Let's assume we have $n$ assignments $a_1$, $a_2$, $\cdots$, $a_n$.
Each assignment $a_i$ can be done with probability $0<p_i<1$ in a time $t_i>0$.
But if you fail in the $i$-th task ($i < n$), then you have to begin from the start. Thus, for the complete process to be consider a success, the last $n$ final tasks must be successful for the first time.
For example, for $n=1$, succeeding in the complete task in $k$ steps corresponds to failing $k-1$ times and then managing to do the task $t_1$.
- Because the expected number of steps is $\frac{1}{p}$ and each of the failed tasks takes $\frac{t_1}{2}$ (using a uniform law), I think the expected time is: $$\left(\frac{1}{p_1}-1 \right) \cdot \frac{t_1}{2} +t_1 = \frac{t_1(1+p_1)}{2p_1}$$
- My first attempt was to find the law of the waiting time and then calculate the expected value : $$\sum_{k=1}^{+\infty} \left(\frac{(k-1)t}{2}+t \right)(1-p)^{k-1}p = \frac{t(1+p)}{2p} $$
- I wasn't able to find a formula for $n\geq 2$.

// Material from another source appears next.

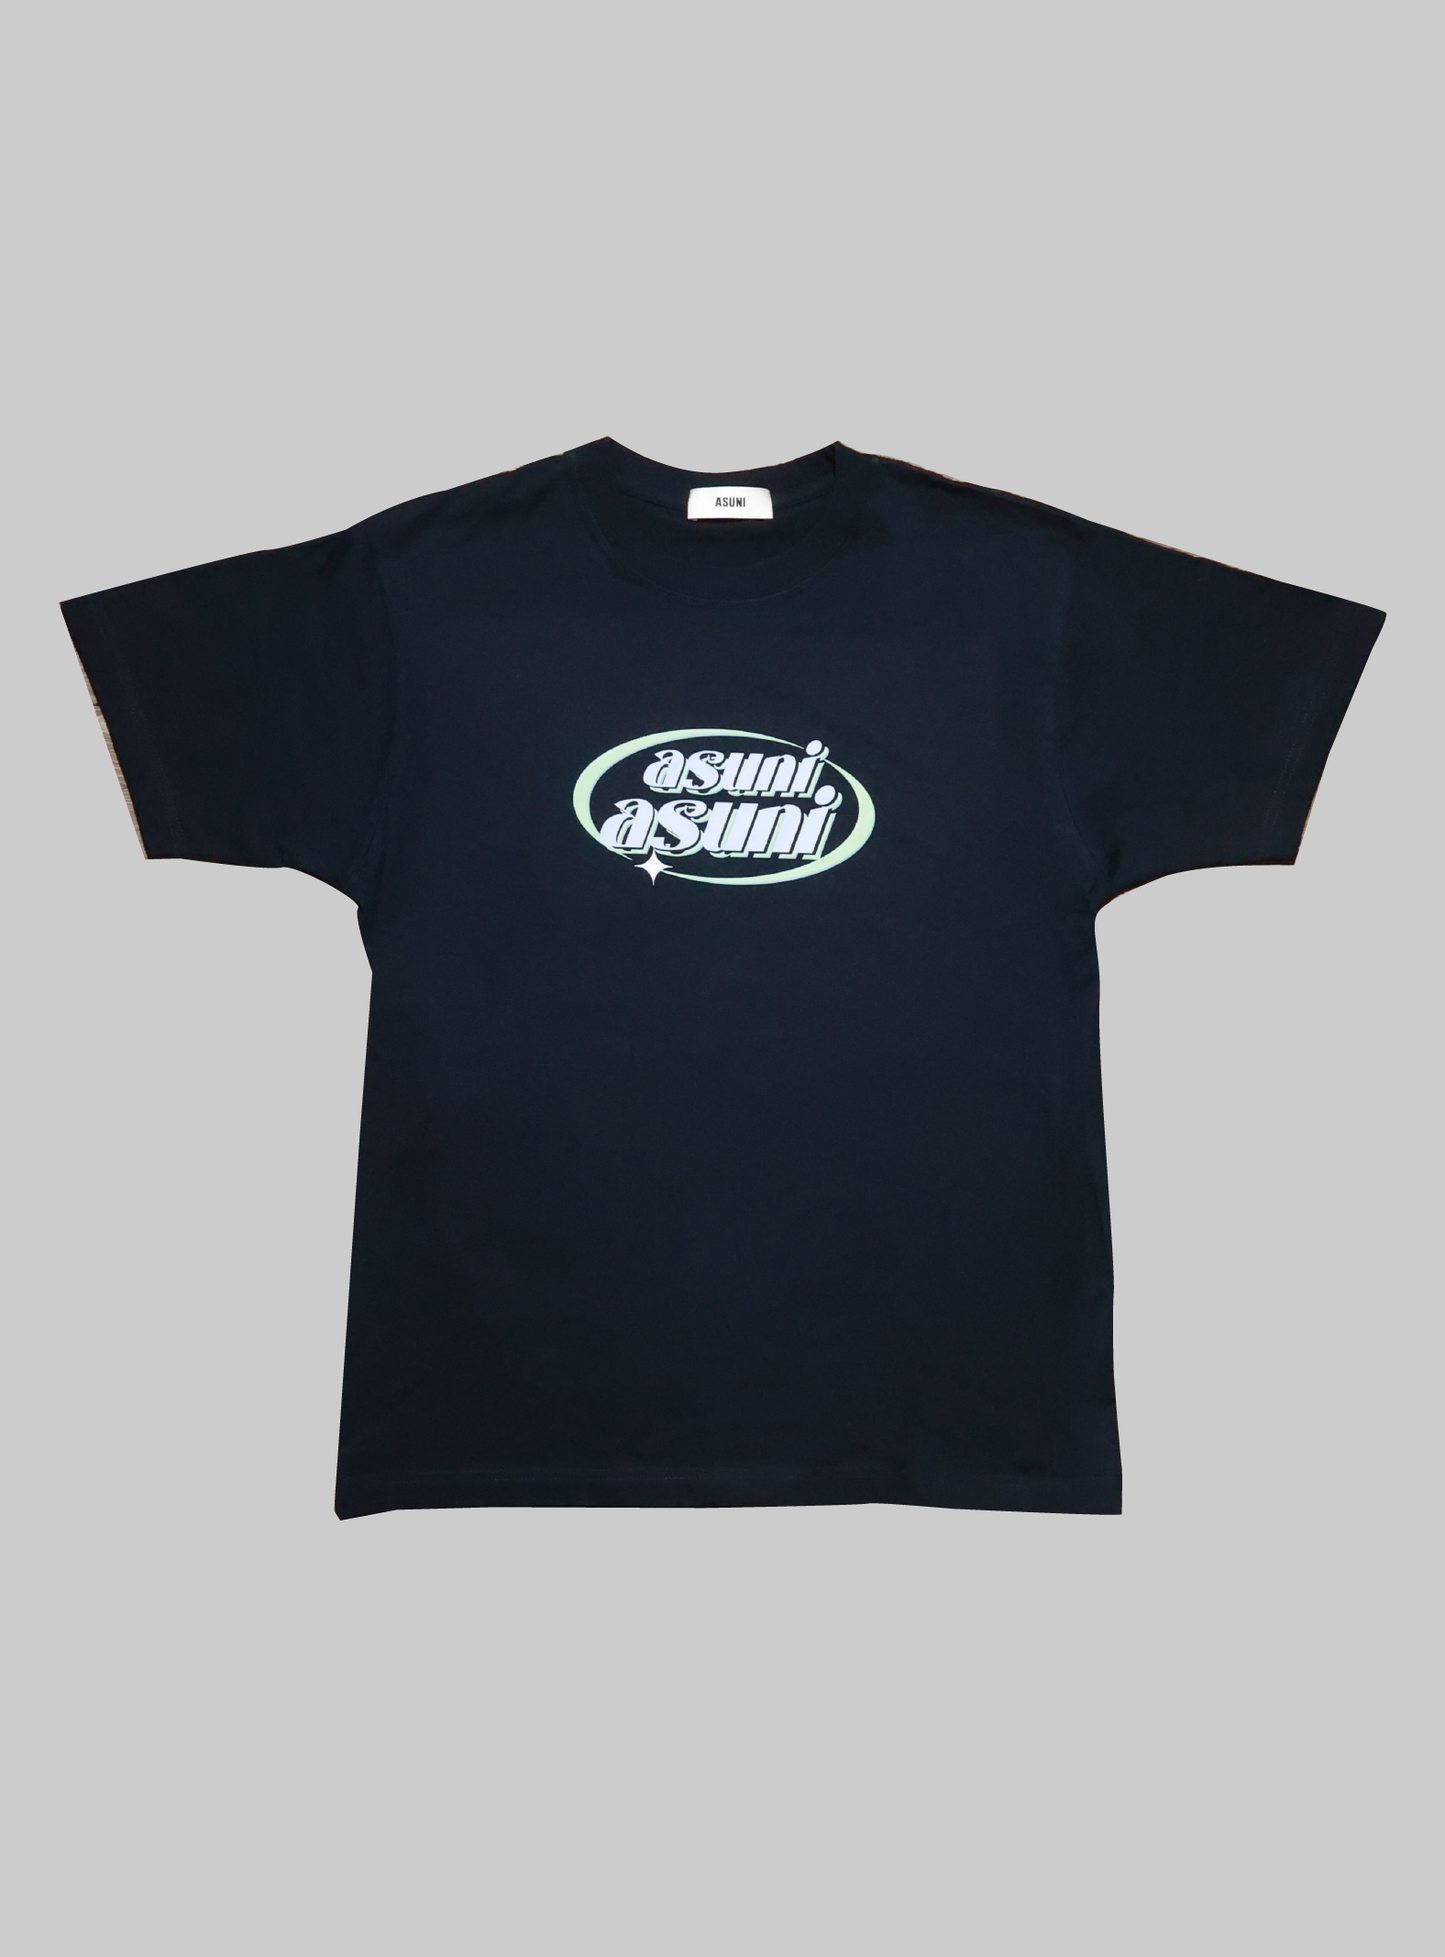 'asuni asuni'-print Short Sleeve Oversized T-shirt In Navy

As far as I know, the general technique to solve such questions is as follows. For all $i =1,2,\dots, n$, let $s_i$ denote the time taken when the $i^{\text{th}}$ task fails. This might be equal to $t_i$, depending upon your problem setup. Also, for all $i = 1,2,\dots, n$, let $A_i$ denote the event that all assignments until the $i^{\text{th}}$ one have been successfully completed (in a row). Let $T$ denote the random time to complete all the tasks. We have the following recursion. \begin{align*} \mathbb{E}[T|A_{i-1}] & = \mathbb{E}[T|A_{i-1}, \text{Task } i\text{ succeeds}] \cdot p_i + \mathbb{E}[T|A_{i-1}, \text{Task } i\text{ fails}] \cdot (1 - p_i) \\ & = (\mathbb{E}[T|A_i] + t_i) \cdot p_i + (\mathbb{E}[T] + s_i) \cdot (1 - p_i). \end{align*} Starting with $\mathbb{E}[T|A_n] = 0$, you can backtrack to obtain an equation for $\mathbb{E}[T|A_0] = \mathbb{E}[T]$, then solve for $\mathbb{E}[T]$. I doubt the equation will be pretty unless the values of $p_i, t_i$ and $s_i$ are nice in some way.